Tra gli eventi più recenti, quello con Piero Dorfles nel 2011 di nuovo alla Cavallerizza, la partecipazione al “Furioso in Festa” nel 2012, e ancora “Se qualcuno mi chiede ancora a cosa serve la letteratura lo ammazzo” in piazza Castello nel 2014. Infine, la grande festa per Bar Sport nel 2016.

LA PRODUZIONE LETTERARIA

Autore visionario e inclassificabile, Benni ha saputo raccontare il nostro Paese con uno sguardo unico, mescolando satira politica, poesia surreale, invettiva civile e umorismo anarchico. La sua produzione letteraria ha attraversato generi e decenni, senza mai perdere freschezza e originalità, e ha accompagnato generazioni di lettori attraverso mondi fantastici, bar improbabili, ribelli emarginati e profeti visionari.

Con oltre venti romanzi e raccolte di racconti – tutti pubblicati da Feltrinelli – tra cui “Bar Sport” (prima edizione Mondadori, 1976, racconti che decretarono la sua affermazione), “Terra!” (1983), “Baol” (1990), “La Compagnia dei Celestini” (1992), “Elianto” (1996), “Saltatempo” (2001), “Achille piè veloce” (2003), “Margherita Dolcevita” (2005), Benni ha costruito un universo letterario riconoscibile, popolato da personaggi eccentrici e teneramente grotteschi, spesso vittime (ma mai complici) di una società cinica e disumanizzante.

La sua satira, intelligente e mai compiacente, ha trovato spazio anche nel giornalismo: ha scritto per testate come “L’Espresso”, “Panorama”, “Il manifesto”, “La Repubblica”, “Cuore” e “Linus”, contribuendo con la sua penna affilata a smascherare le ipocrisie della politica e della cultura italiana. Fu anche autore televisivo, tra i primi a scrivere per un giovane Beppe Grillo.

Dietro l’umorismo, però, c’era sempre una profonda inquietudine esistenziale, una sensibilità acuta per le ingiustizie del presente e un amore viscerale per la libertà e per l’arte. Negli anni Benni aveva ampliato il suo repertorio scrivendo testi teatrali, poesie, favole, opere musicali e graphic novel. Tra i suoi titoli più recenti: “Giura” (2020), il poema “Dancing Paradiso” (2019) e il docufilm autobiografico “Le avventure del Lupo” (2018). Proprio ‘il Lupo’ era il soprannome che Benni portava con sé fin da bambino, legato all’infanzia trascorsa nei boschi dell’Appennino bolognese e diventato, nel tempo, simbolo di uno spirito solitario, ribelle, indomito.

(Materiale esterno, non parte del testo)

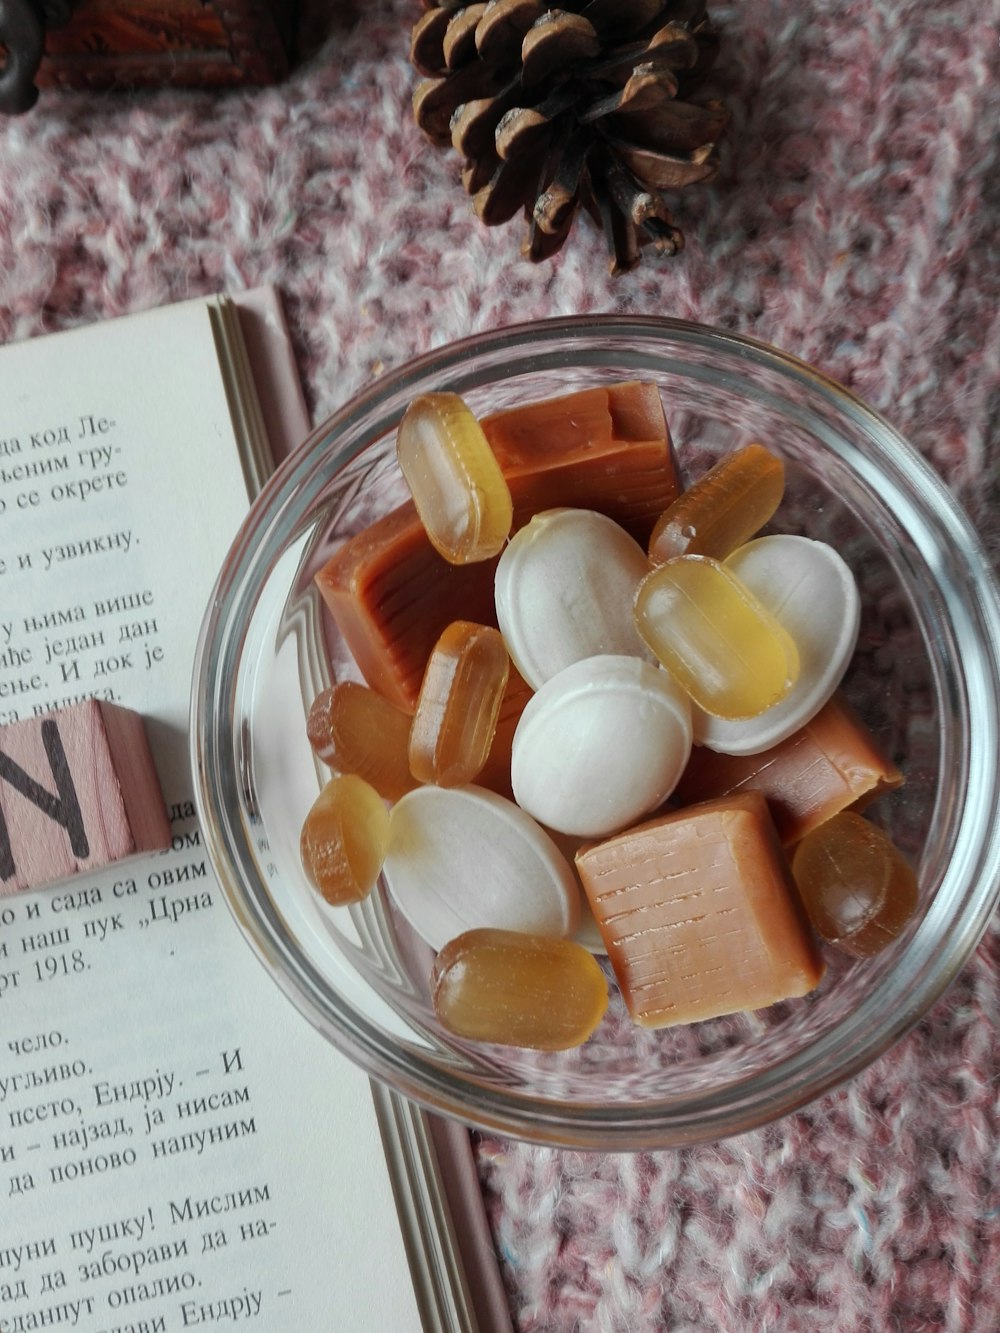 Verschiedene Süßigkeiten in klarer Glasschale neben dem Buch
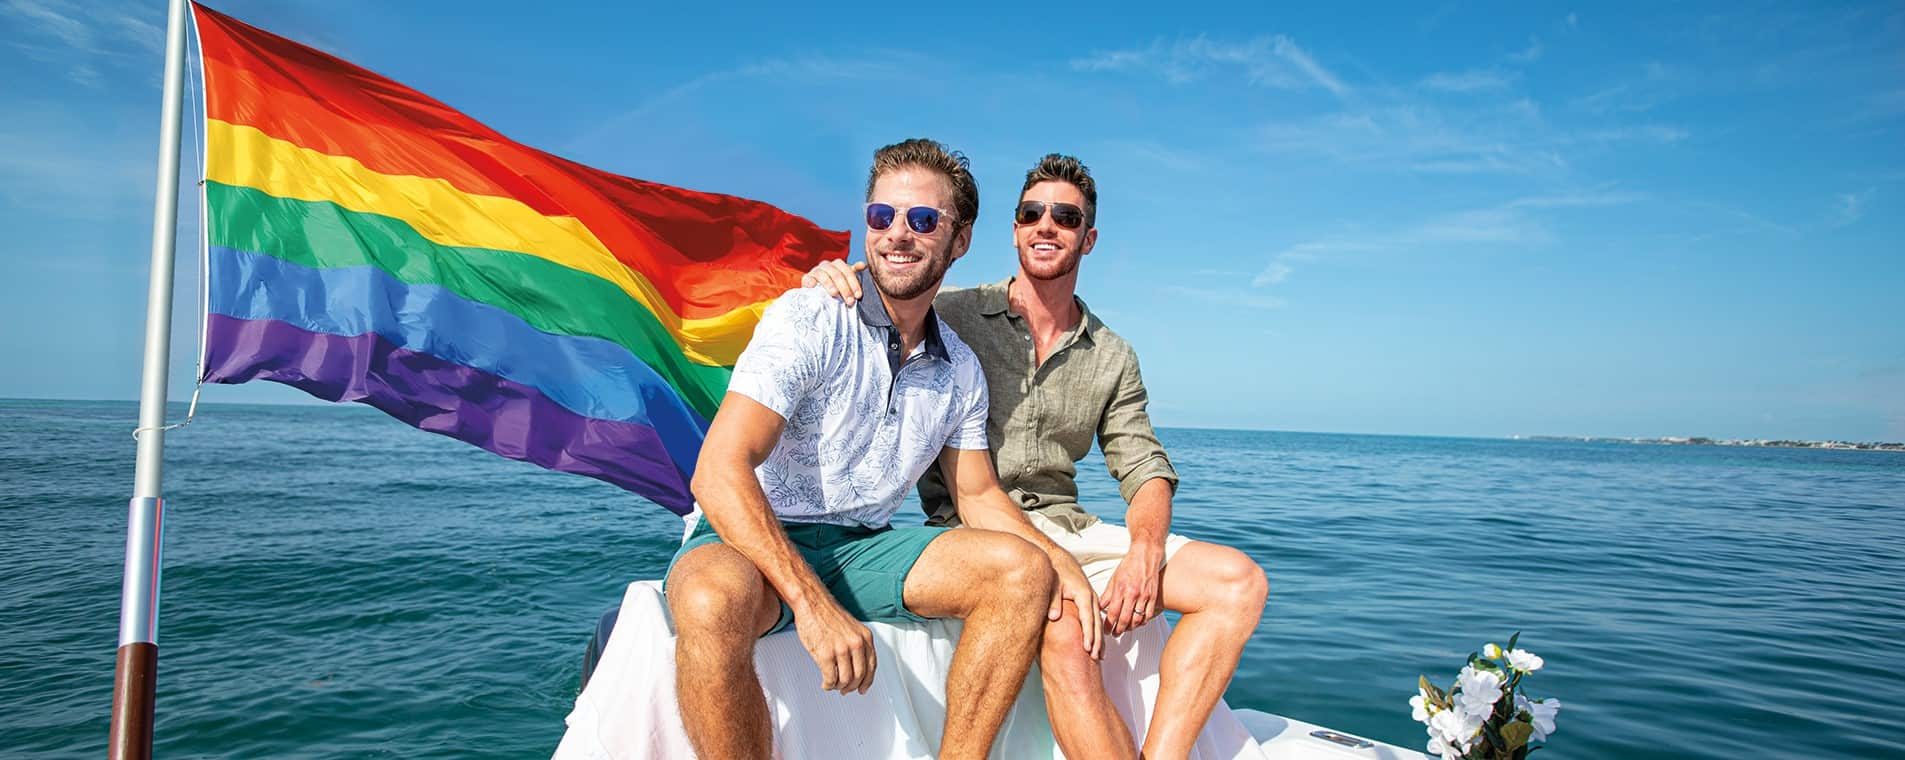 Key West gay

Stefano Benni era anche un grande sostenitore della scuola pubblica e della cultura come bene comune: nel 2015 rifiutò il Premio Vittorio De Sica, protestando apertamente contro i tagli del governo Renzi all’istruzione e alla cultura. I suoi libri, tradotti in oltre 30 lingue, hanno conquistato un pubblico trasversale, dai lettori più giovani agli intellettuali più esigenti, riuscendo a tenere insieme leggerezza e profondità, impegno e immaginazione. Amico fraterno di Daniel Pennac, fu lui a promuovere la traduzione italiana delle prime opere dello scrittore francese presso Feltrinelli. Il loro sodalizio letterario, basato su stima e affinità narrativa, è uno dei più noti del panorama letterario europeo.